Attemped to document the definition of various action names, and made a few
adjustment to the action_result() calls.
Signed-off-by: Jane Chu <jane.chu@xxxxxxxxxx>
This looks much better, thanks:
Reviewed-by: Oscar Salvador <osalvador@xxxxxxx>
By the way, I was checking the block in memory_failure() that handles
refcount=0 pages, concretely the piece of code that handles buddy pages.
In there, if we fail to take the page off the buddy lists, we return
MF_FAILED, but I really think we should be returning MF_IGNORED.

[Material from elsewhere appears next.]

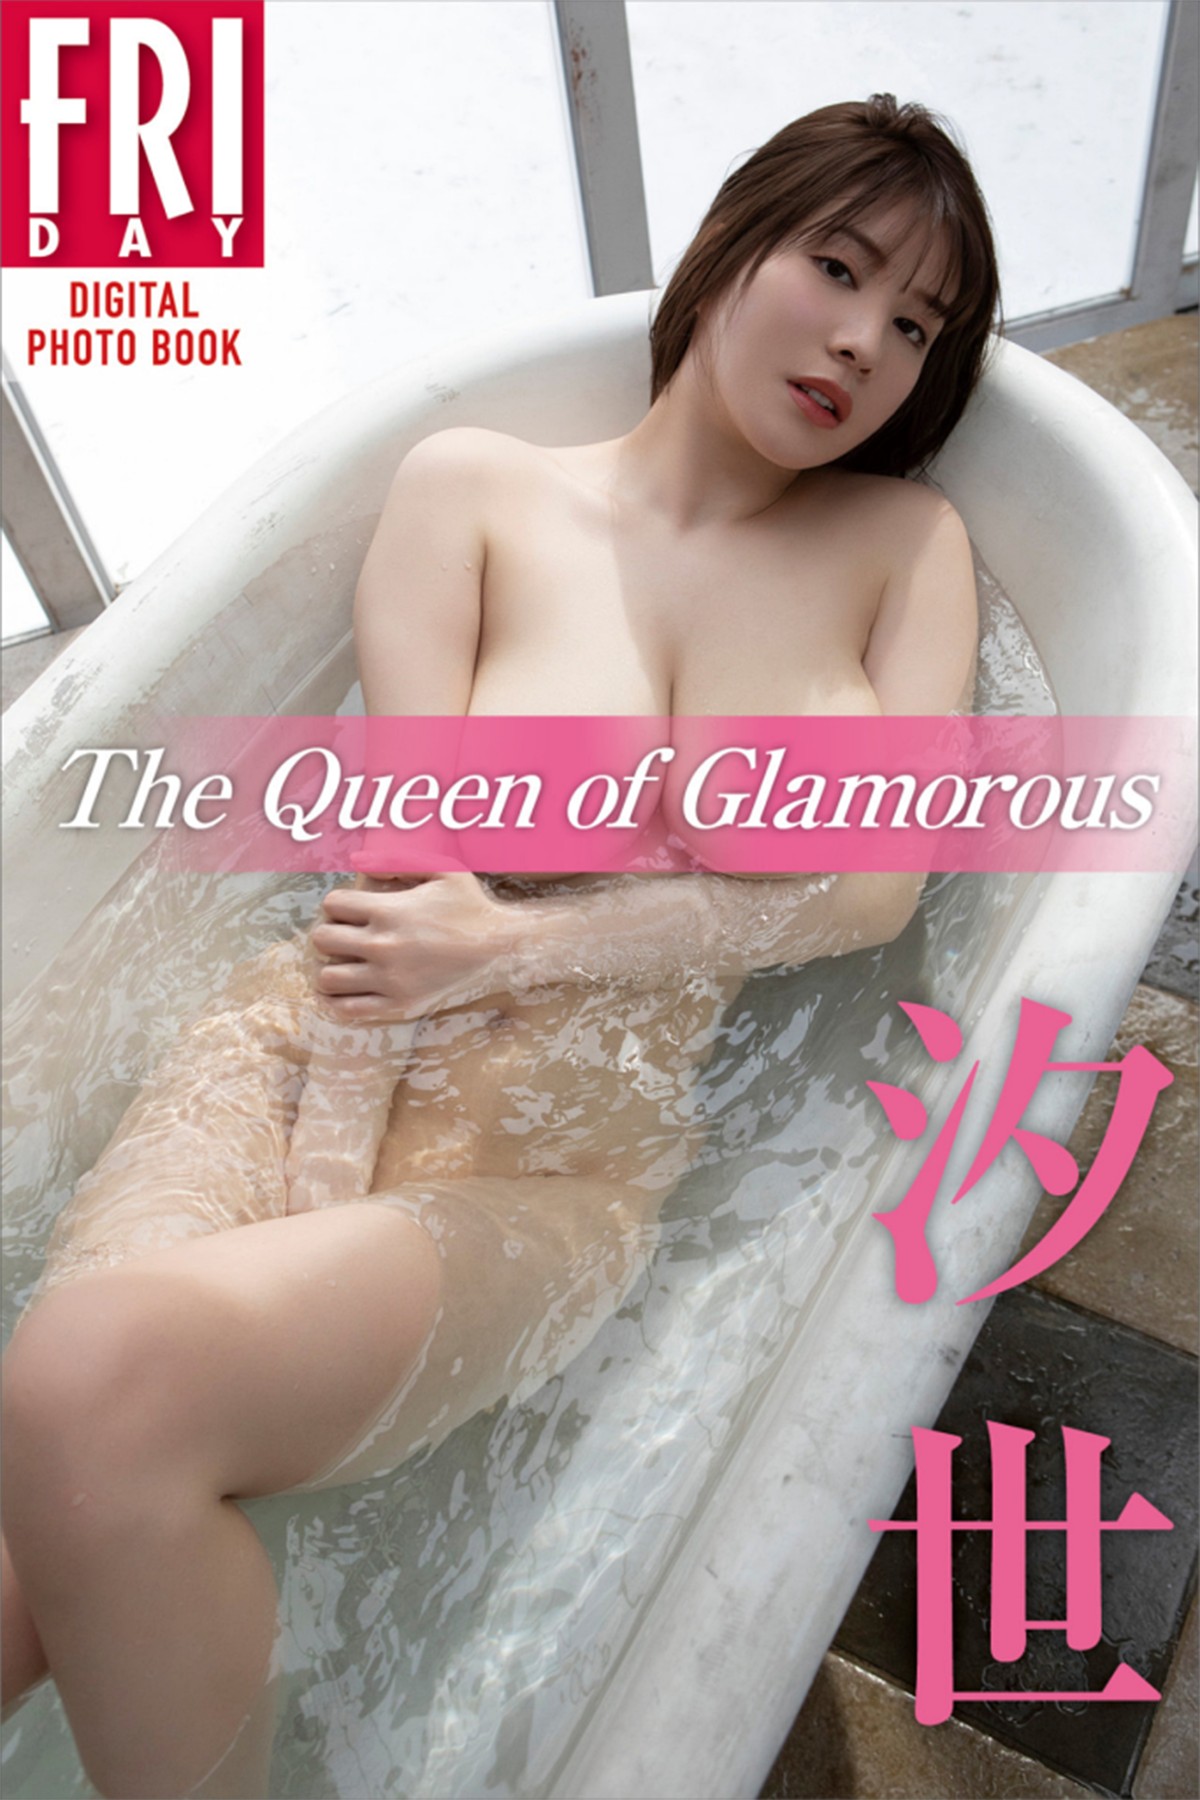 FRIDAY Digital Photo Book Shioyo 汐世 – The Queen Of Glamorous
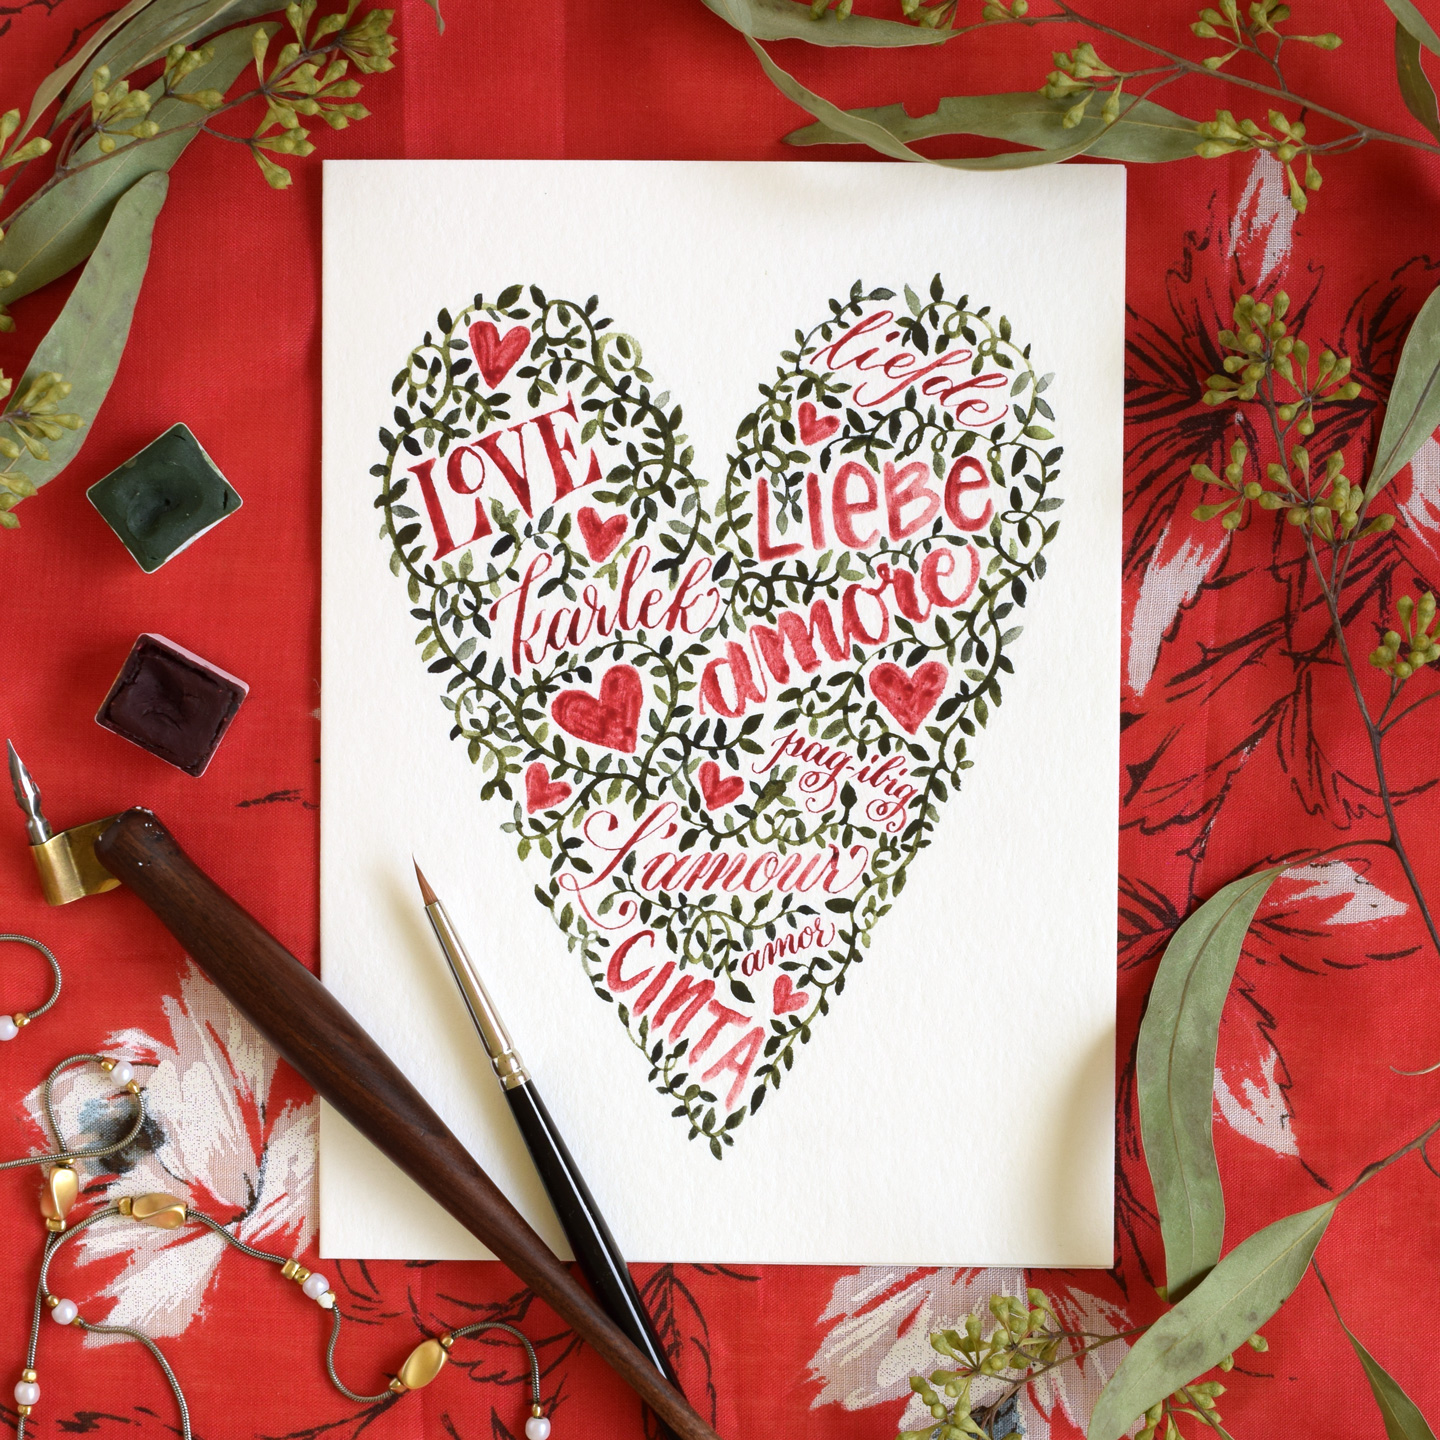 Words and Vines Valentine’s Day Card Tutorial

I guess you mean this code -
if (has_extra_refcount(ps, p, false))
ret = MF_FAILED;
?
It appears in below code paths-
hwpoison_user_mappings
identify_page_state
me_huge_page || me_swapcache_dirty || me_swapcache_clean
for LRU pages.
And for non-LRU
if (!folio_test_lru(folio) && !folio_test_writeback(folio))
goto identify_page_state;
My hunch is that the most common calling path would be:
hwpoison_user_mappings has unmapped the page, then identify_page_state
is called, but for some reason failed to take the page off the LRU. The
m-f() handler has isolated the page to avoid further MCE, so I think in
general return MF_FAILED is okay.
That said, the line is not always clear, for example in the non-LRU
case, where the m-f() handler may have done only a little, I guess I
just need to let the case rest.
thanks,
-jane
Thoughts?